All terms used in the claims are intended to be given their plain and ordinary meanings as understood by those skilled in the art unless an explicit indication to the contrary in made herein. In particular, use of the singular articles such as “a,” “the,” “said,” etc. should be read to recite one or more of the indicated elements unless a claim recites an explicit limitation to the contrary.

Claims
  • 1. A system comprising a computer including a processor and a memory, the memory including instructions such that the processor is programmed to: predict, at a trained machine learning classifier, a target slip value based on a predicted slip slope and a predicted road texture, wherein the predicted slip slope and the predicted road texture are determined using sensor data representing tire forces; andmodify at least one vehicle action based on the target slip value when a confidence level value corresponding to the target slip value is greater than or equal to a confidence level threshold.
  • 2. The system of claim 1, wherein the processor is further programmed to determine the target slip value via interpolation modeling when the confidence level value is less than the confidence level threshold.
  • 3. The system of claim 2, wherein the interpolation modeling comprises linear interpolation modeling.
  • 4. The system of claim 1, wherein the processor is further programmed to receive the sensor data representing the tire forces.
  • 5. The system of claim 1, wherein the tire forces comprise measurements representing a wheel velocity of a vehicle.
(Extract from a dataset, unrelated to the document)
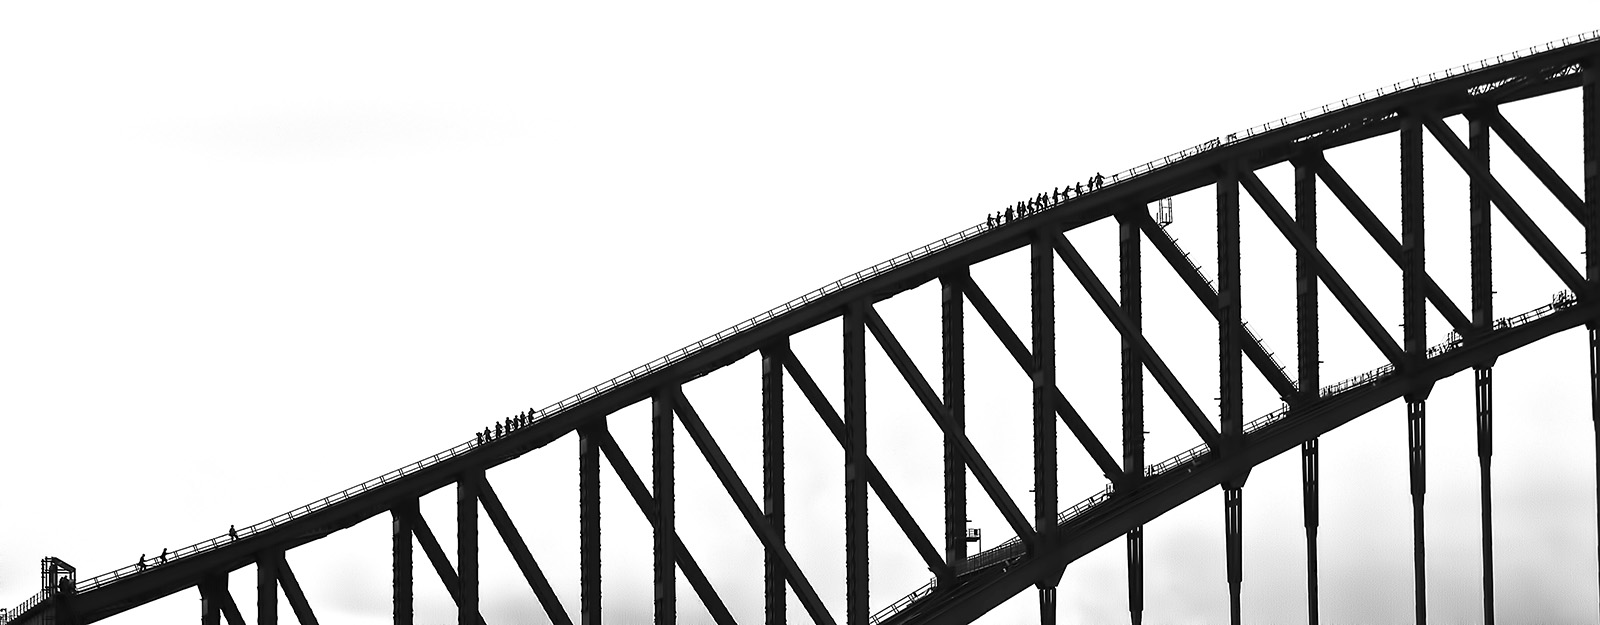 Sydney Harbor Bridge Overexposed.jpg

  • 6. The system of claim 1, wherein the trained machine learning classifier comprises a Gaussian Process Classifier.
  • 7. The system of claim 1, wherein the processor is further programmed to modify at least one of anti-lock braking system, a traction control system, or an electronic stability control system based on the target slip value.
  • 8. The system of claim 1, wherein the processor is further programmed to determine the predicted road texture based on at least one of a slip ratio or the tire forces.
  • 9. The system of claim 8, wherein the processor is further programmed to access a lookup table that relates road texture to the at least one of the slip ratio or the tire forces.
  • 10. The system of claim 1, wherein the trained machine learning classifier generates the confidence level value.
  • 11. A method comprising: predicting, at a trained machine learning classifier, a target slip value based on a predicted slip slope and a predicted road texture, wherein the predicted slip slope and the predicted road texture are determined using sensor data representing tire forces; andmodifying at least one vehicle action based on the target slip value when a confidence level value corresponding to the target slip value is greater than or equal to a confidence level threshold.
  • 12. The method of claim 11, the method further comprising determining the target slip value via interpolation modeling when the confidence level value is less than the confidence level threshold.
  • 13. The method of claim 12, wherein the interpolation modeling comprises linear interpolation modeling.
  • 14. The method of claim 11, the method further comprising receiving the sensor data representing the tire forces.
  • 15. The method of claim 11, wherein the tire forces comprise measurements representing a wheel velocity of a vehicle.
  • 16. The method of claim 11, wherein the trained machine learning classifier comprises a Gaussian Process Classifier.
  • 17. The method of claim 16, the method further comprising modifying at least one of anti-lock braking system, a traction control system, or an electronic stability control system based on the target slip value.
  • 18. The method of claim 11, the method further comprising determining the predicted road texture based on at least one of a slip ratio or the tire forces.
  • 19. The method of claim 11, the method further comprising accessing a lookup table that relates road texture to the at least one of the slip ratio or the tire forces.
  • 20. The method of claim 11, wherein the trained machine learning classifier generates the confidence level value.